What this task involves – One exact copy of the listing is needed. It should contain no pictures.

Information supplied –
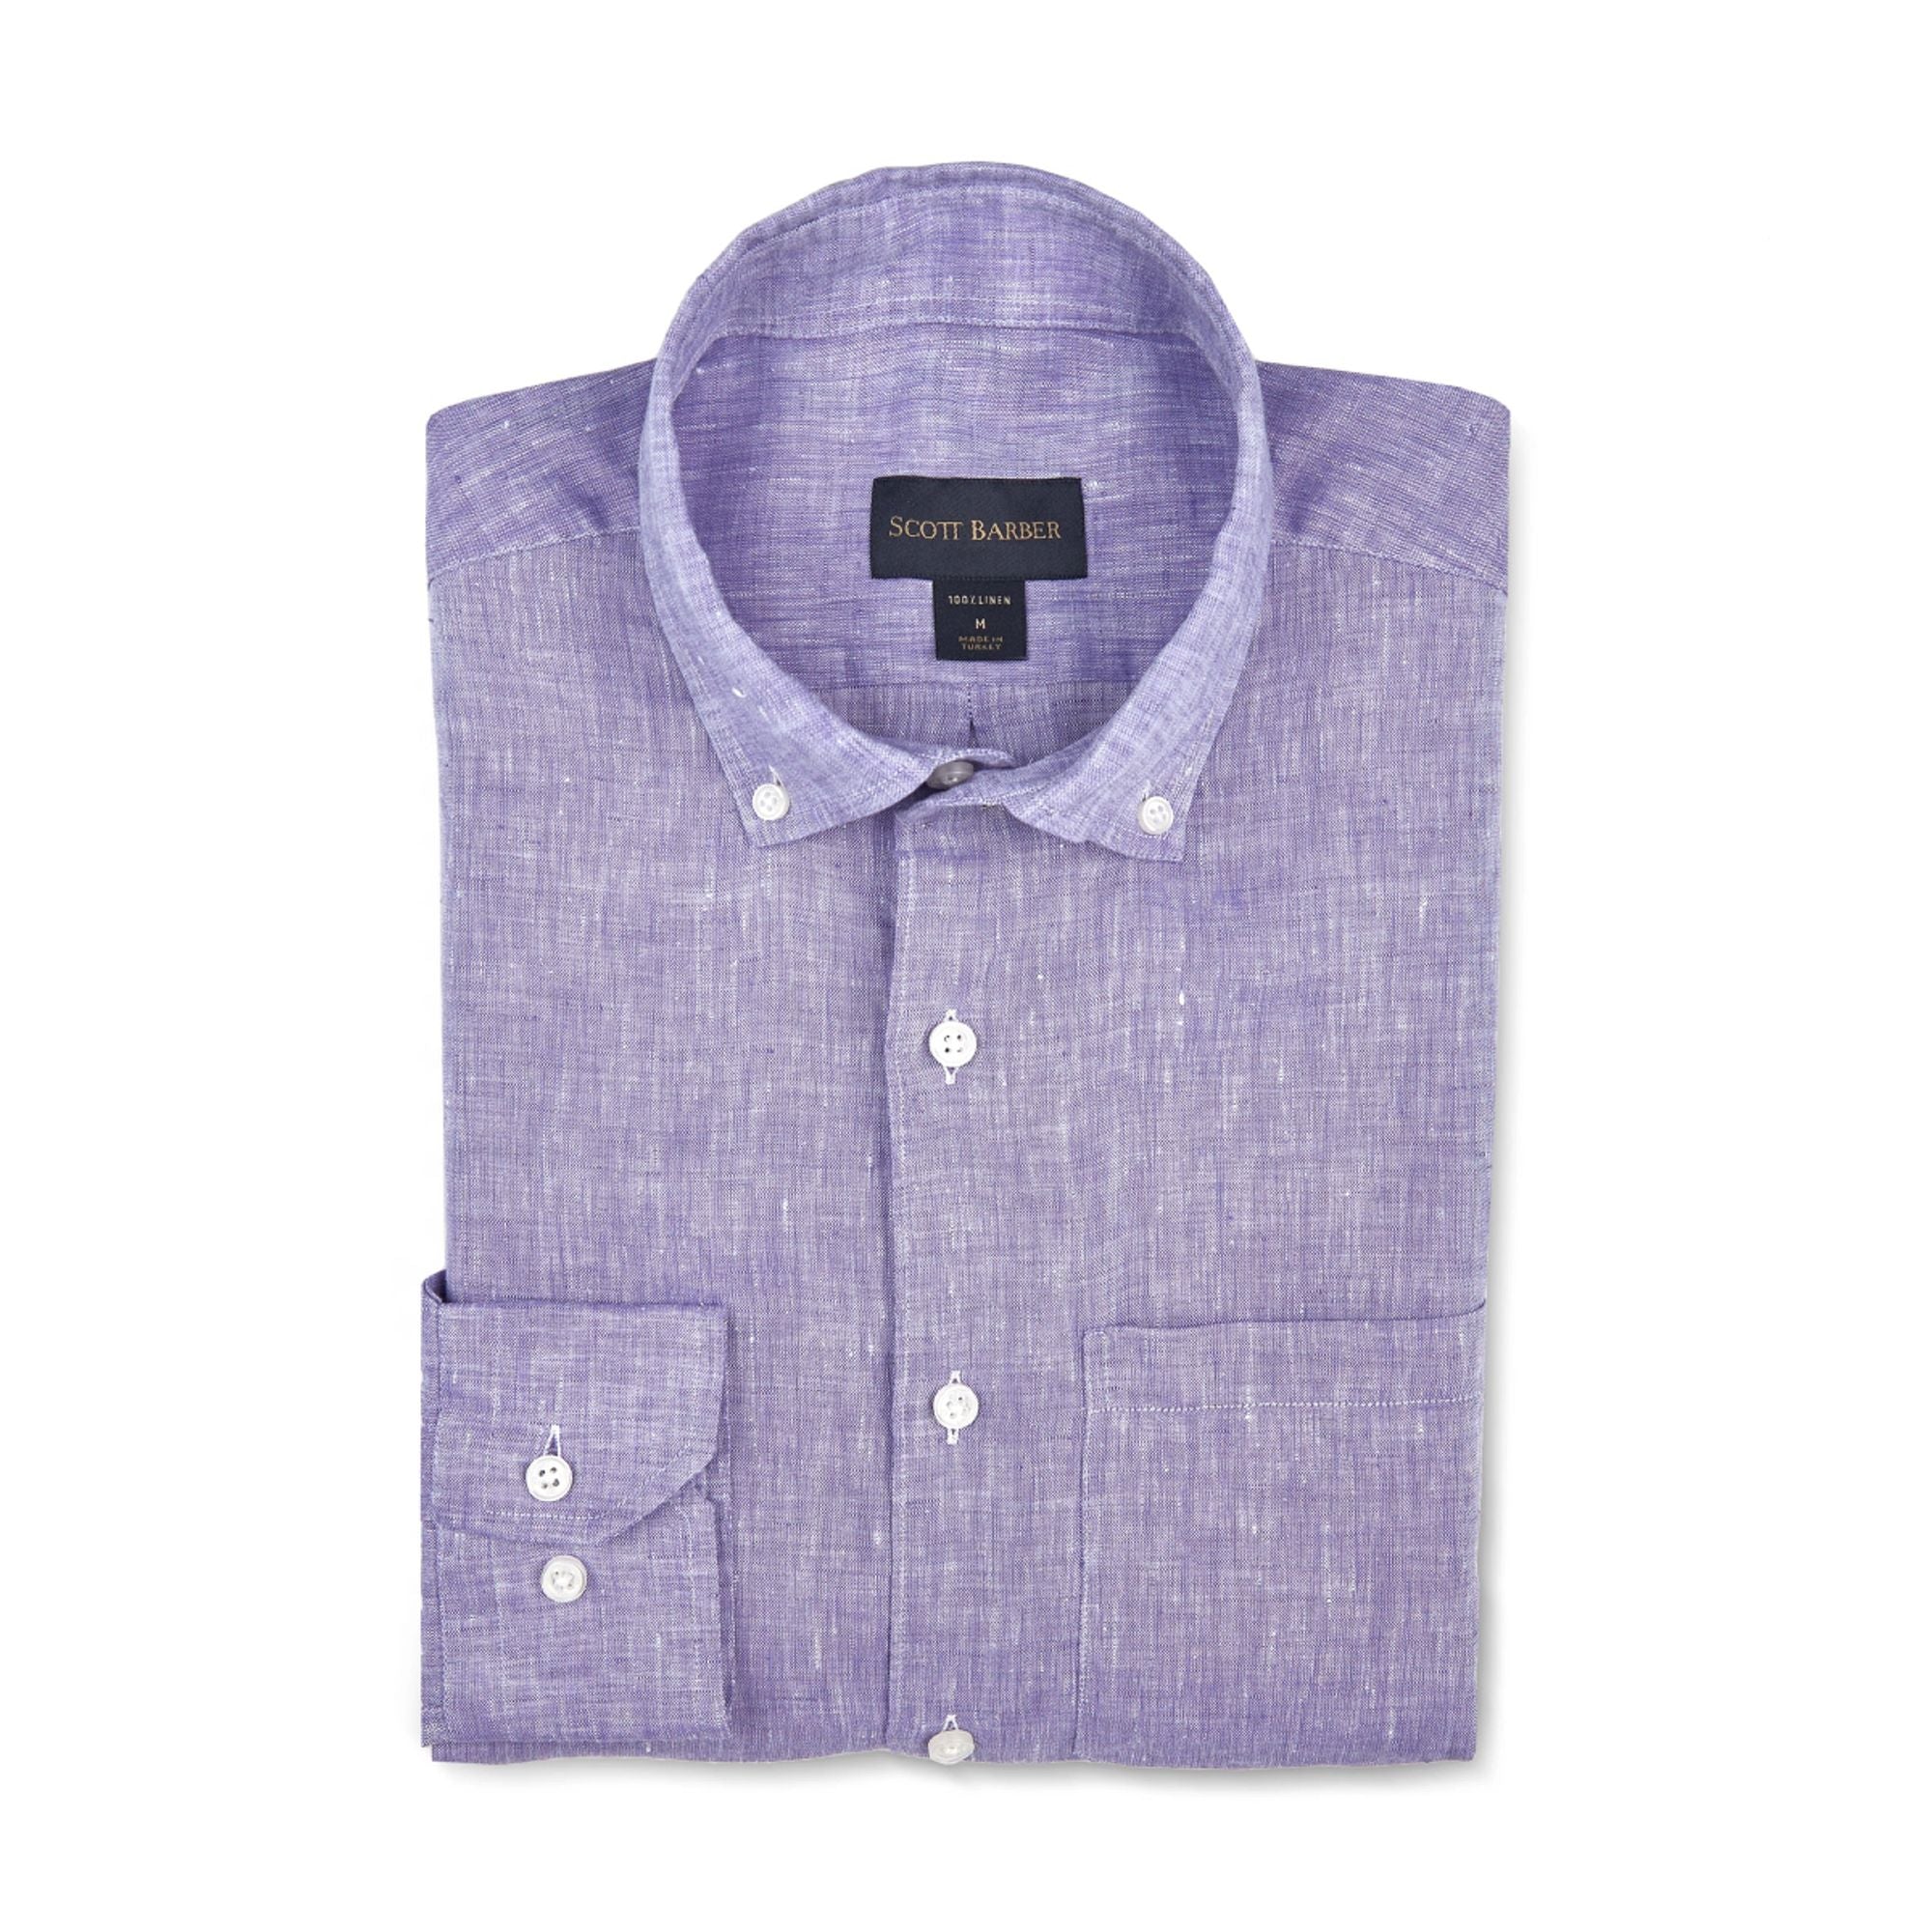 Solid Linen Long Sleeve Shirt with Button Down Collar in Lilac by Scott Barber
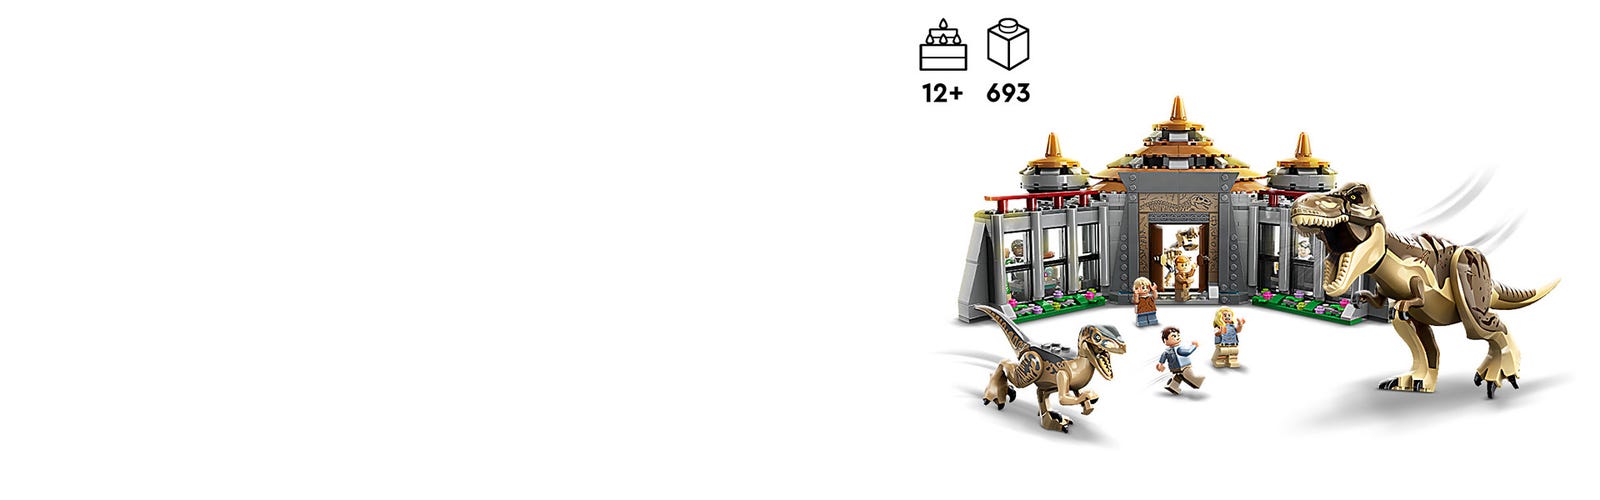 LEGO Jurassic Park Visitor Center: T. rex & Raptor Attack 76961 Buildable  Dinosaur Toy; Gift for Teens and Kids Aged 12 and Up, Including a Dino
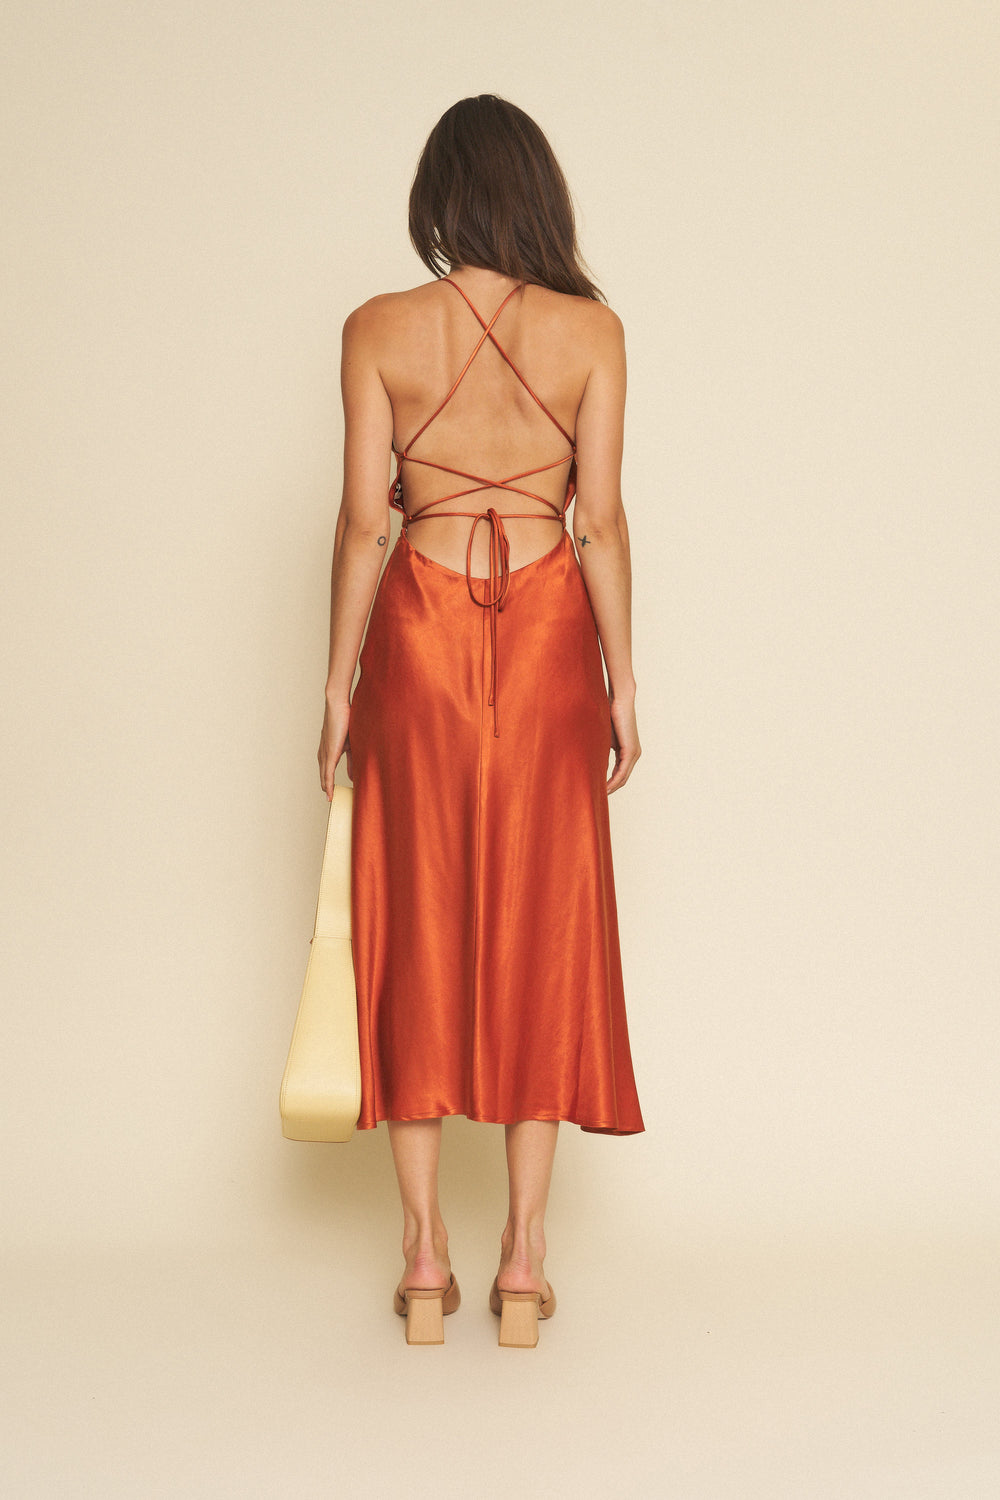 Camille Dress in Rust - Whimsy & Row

Answer –
 Solid Linen Long Sleeve Shirt with Button Down Collar in Lilac by Scott Barber
 LEGO Jurassic Park Visitor Center: T. rex & Raptor Attack 76961 Buildable  Dinosaur Toy; Gift for Teens and Kids Aged 12 and Up, Including a Dino
 Camille Dress in Rust - Whimsy & Row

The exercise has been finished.